» **PROBLEM TO SOLVE**
Below are records with pictures in them. Output exactly the lines from the one with "Frostburn by Lords of the Trident" through the one with "1997: Wu-Tang Forever", both included, and leave every picture out; give only those lines.

» **WORKING DATA**
= Beginning of Section =

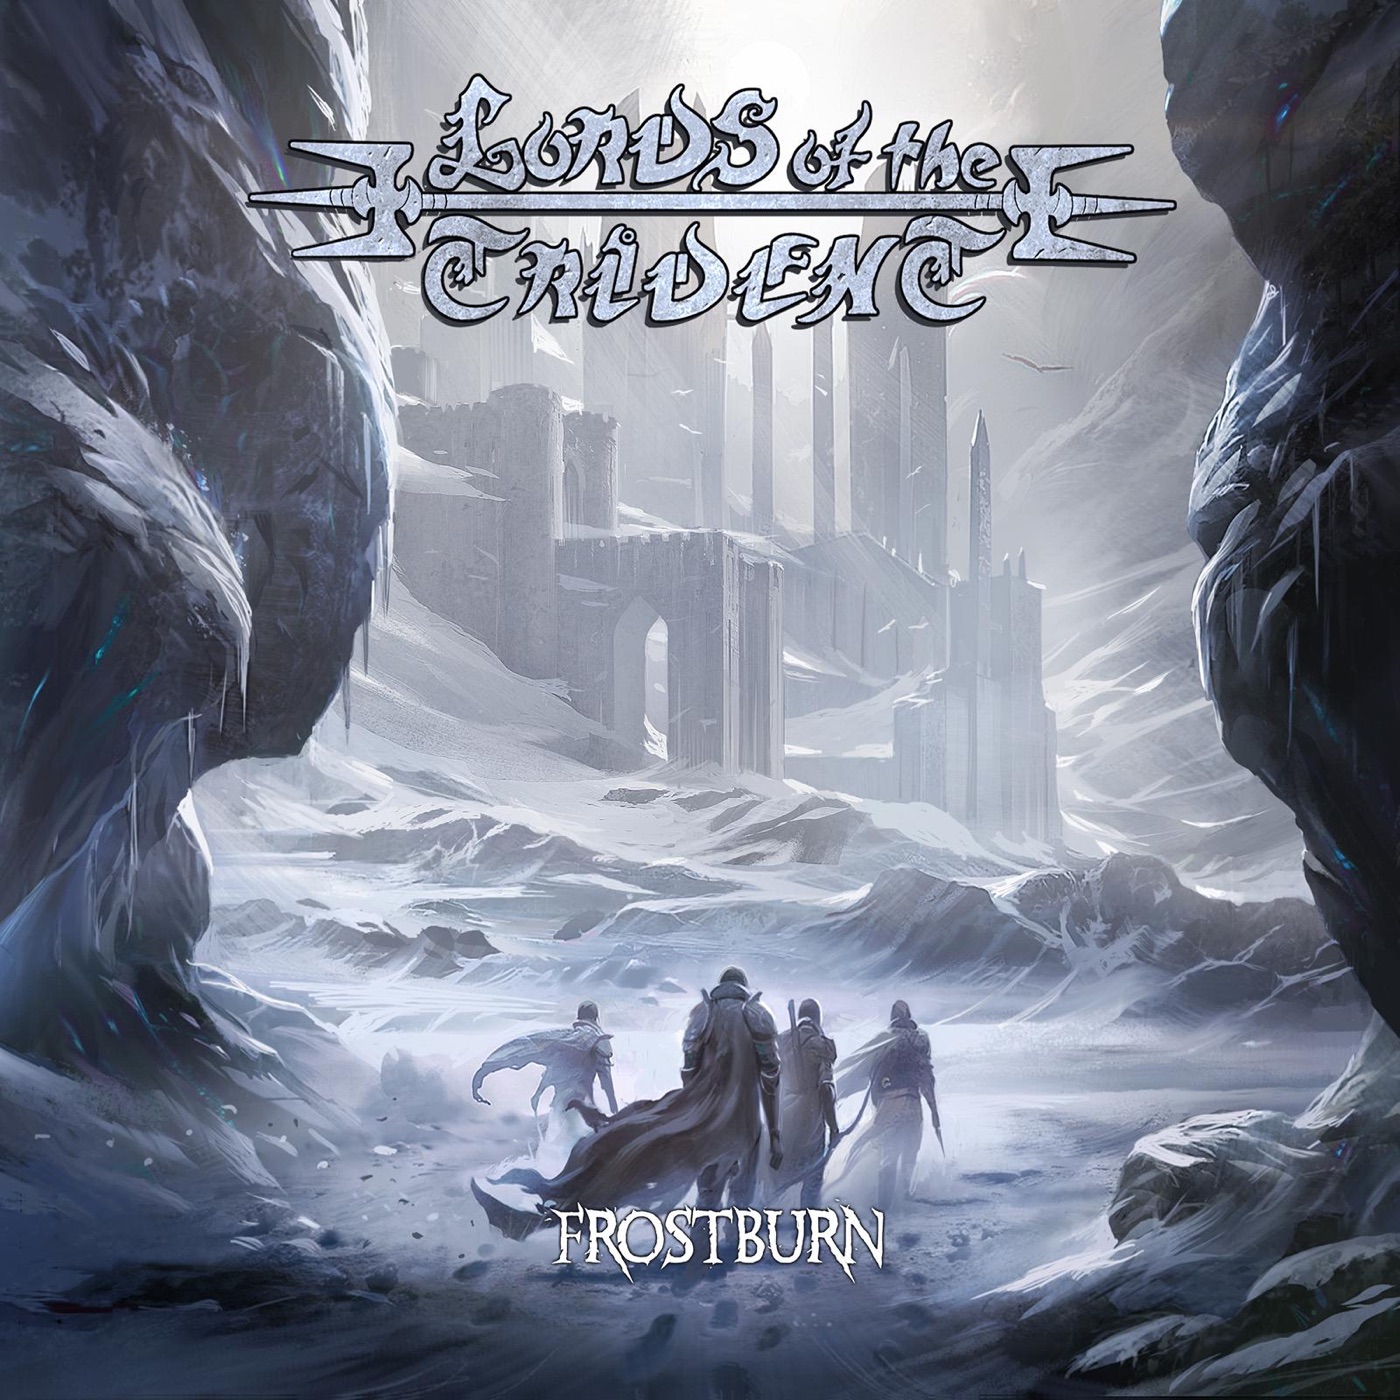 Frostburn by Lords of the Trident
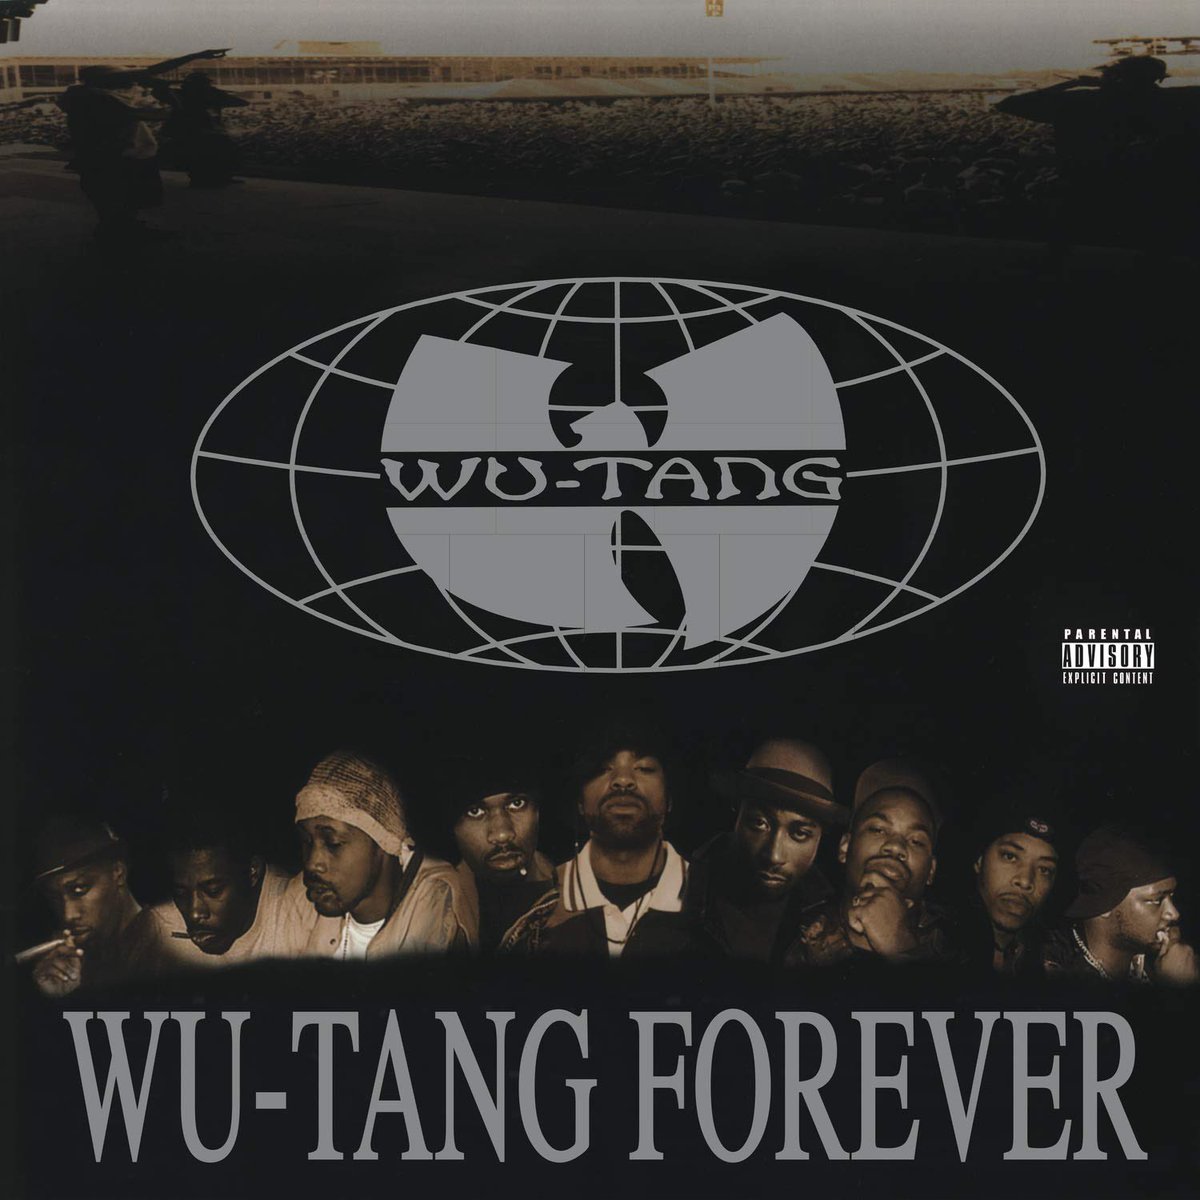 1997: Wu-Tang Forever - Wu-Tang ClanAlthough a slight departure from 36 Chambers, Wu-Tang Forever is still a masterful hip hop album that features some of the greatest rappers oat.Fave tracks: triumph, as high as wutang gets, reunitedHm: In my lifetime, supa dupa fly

= End of Section =
= Beginning of Section =

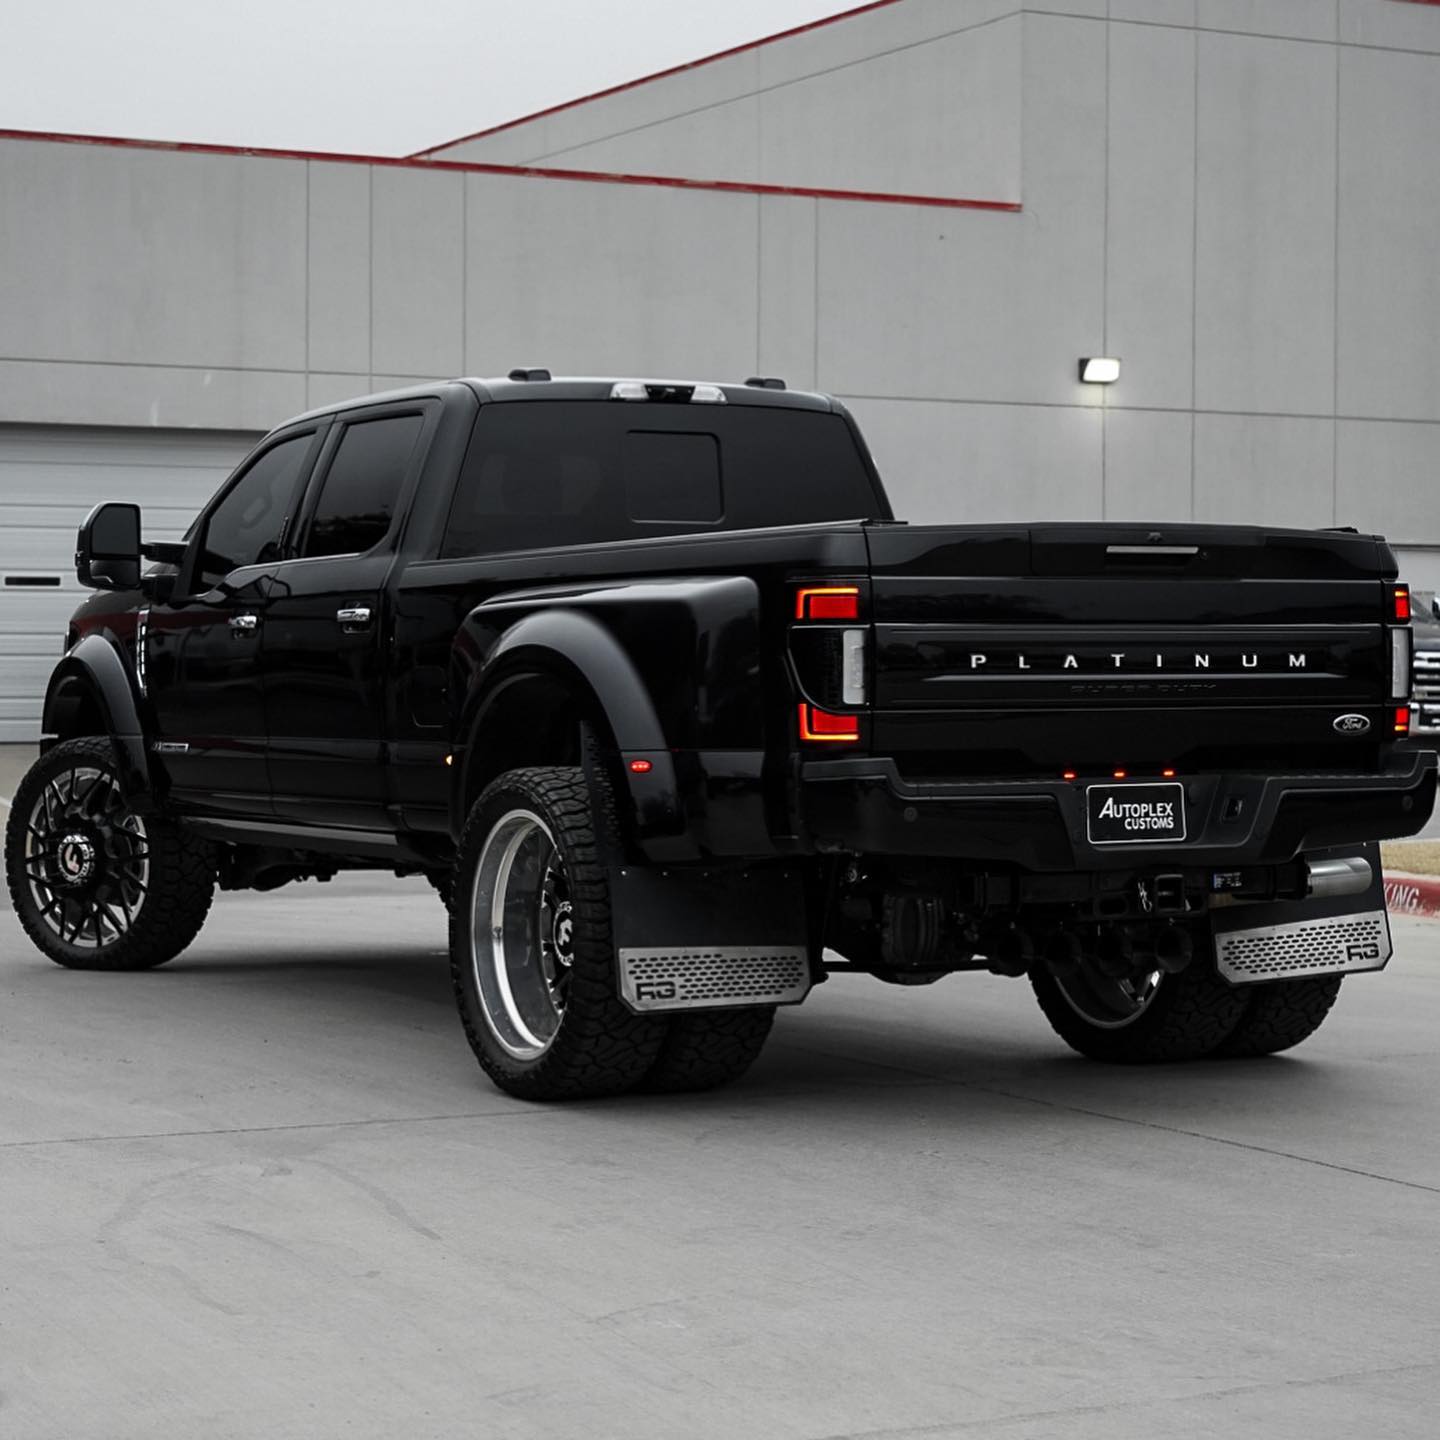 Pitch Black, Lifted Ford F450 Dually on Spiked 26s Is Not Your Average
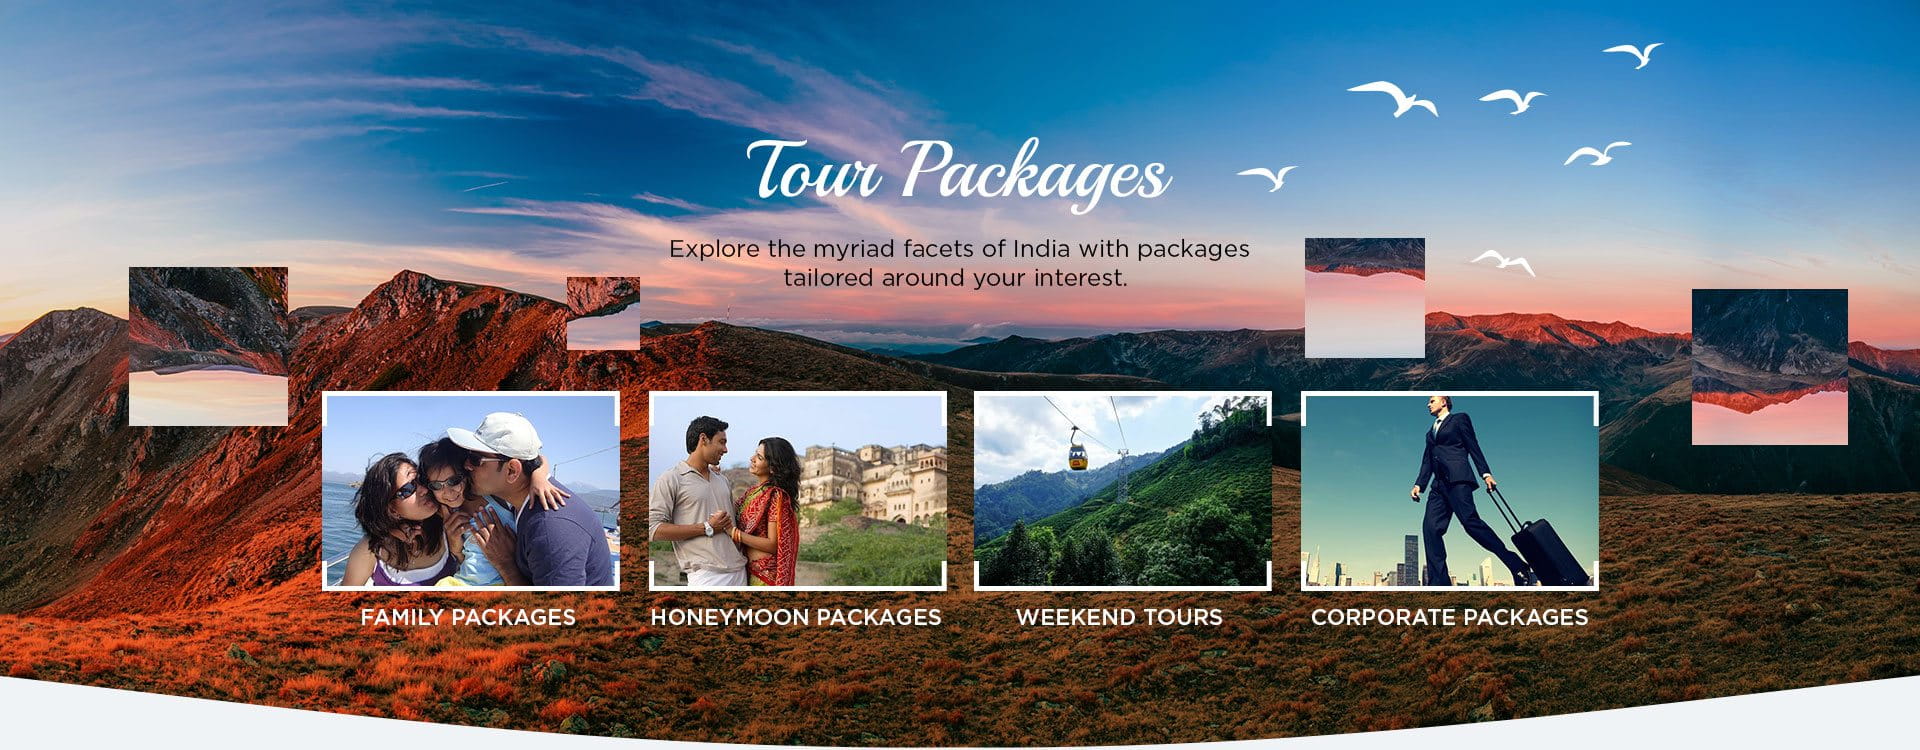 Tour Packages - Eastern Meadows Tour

= End of Section =

» **RESPONSE**
 Frostburn by Lords of the Trident
 1997: Wu-Tang Forever - Wu-Tang ClanAlthough a slight departure from 36 Chambers, Wu-Tang Forever is still a masterful hip hop album that features some of the greatest rappers oat.Fave tracks: triumph, as high as wutang gets, reunitedHm: In my lifetime, supa dupa fly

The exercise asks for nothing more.